During the time of the Ur III empire it was a major provincial capital and transportation hub. It was also closely linked in this period with the unlocated ancient city of Garšana and known to be a transshipment point for goods to Der. Thanks to the numerous records produced by that empire much is known about the city, its daily life, and its interactions, especially trade related, with other parts of the empire.
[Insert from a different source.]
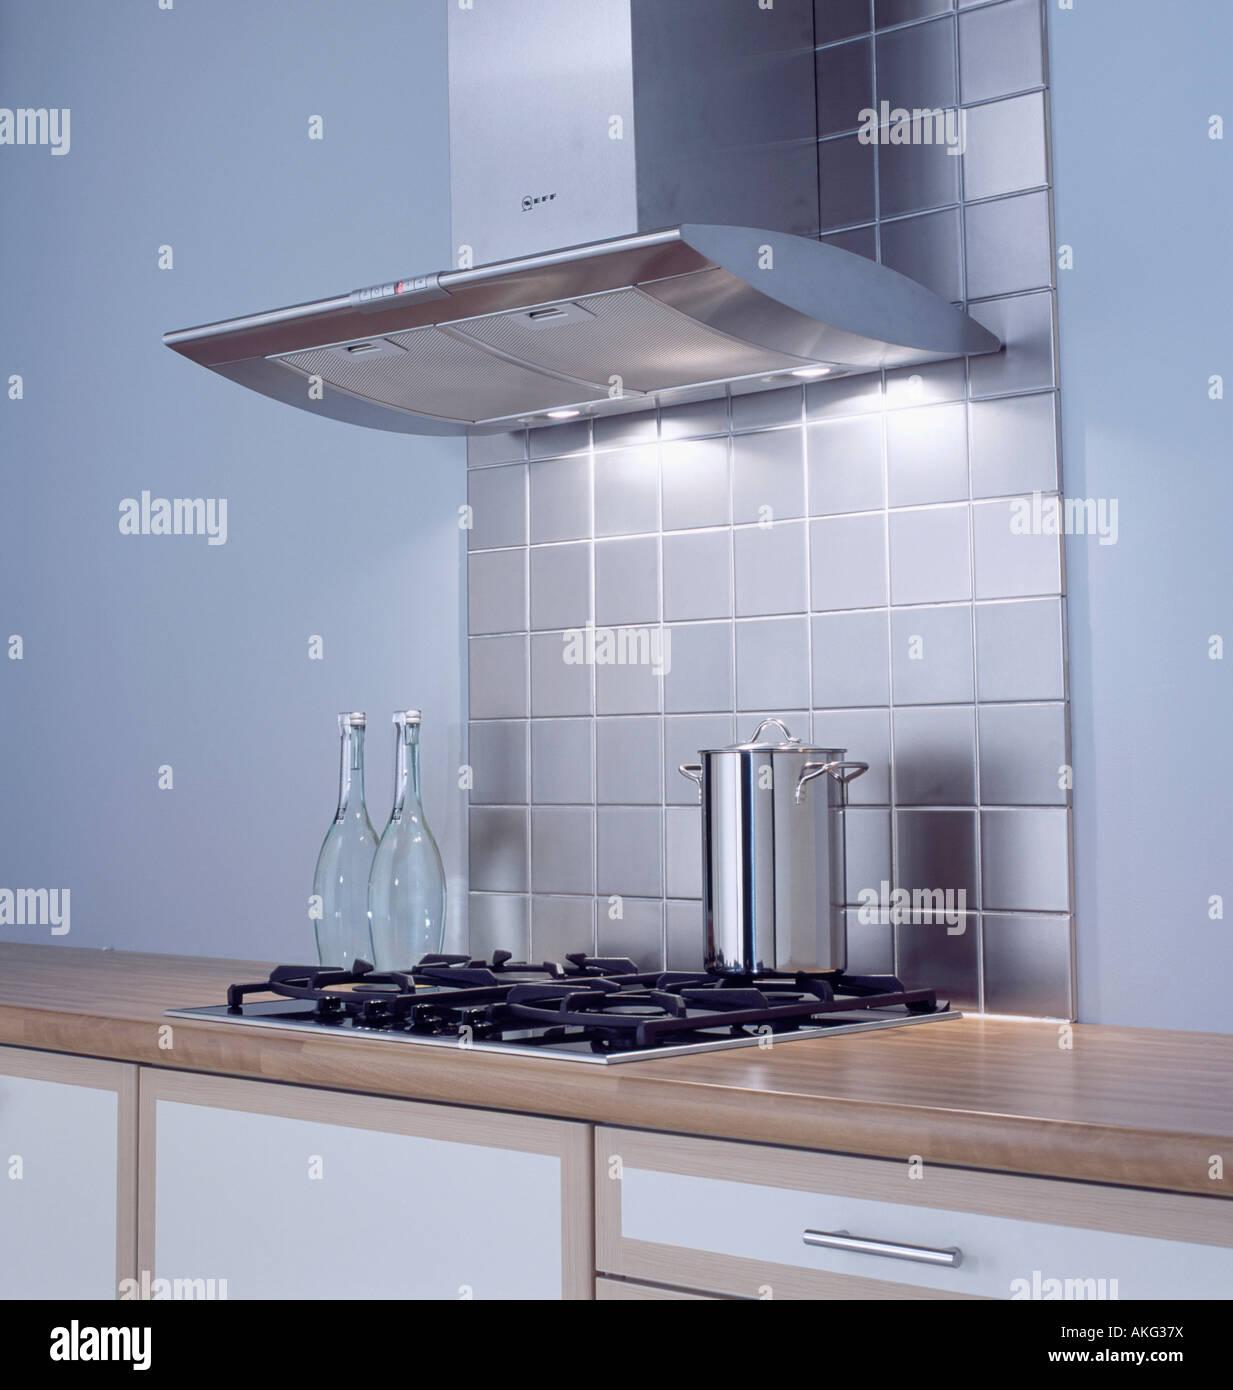 Stainless steel tiles below extractor fan above hob in modern kitchen stock photo royalty free - Modern kitchen below ...

An example of daily life would be the woman Ninsaga, daughter of governor under Ur rulers from Amar-Sin (year 7) through Shu-Sin up to Ibbi-Sîn (year 9) Ur-mes, who managed her large estate in the city. The estate included hundreds of male and female slaves. Two other governors are known to have followed Ur-mes, Ilalum and Dadani. In a text found at nearby Kesh another governor, la-ra-ra dumu is-[gar], is mentioned.

Another example would be the merchant Turam-ili, known from an archive of tablets from the private market which have now been assigned to Irisaĝrig. And a scribe, Ilum-asu, who along with his father Bibi and brothers Mašum and Ašgi-ibra handled the administration of rations for a number of workers in Irisaĝrig.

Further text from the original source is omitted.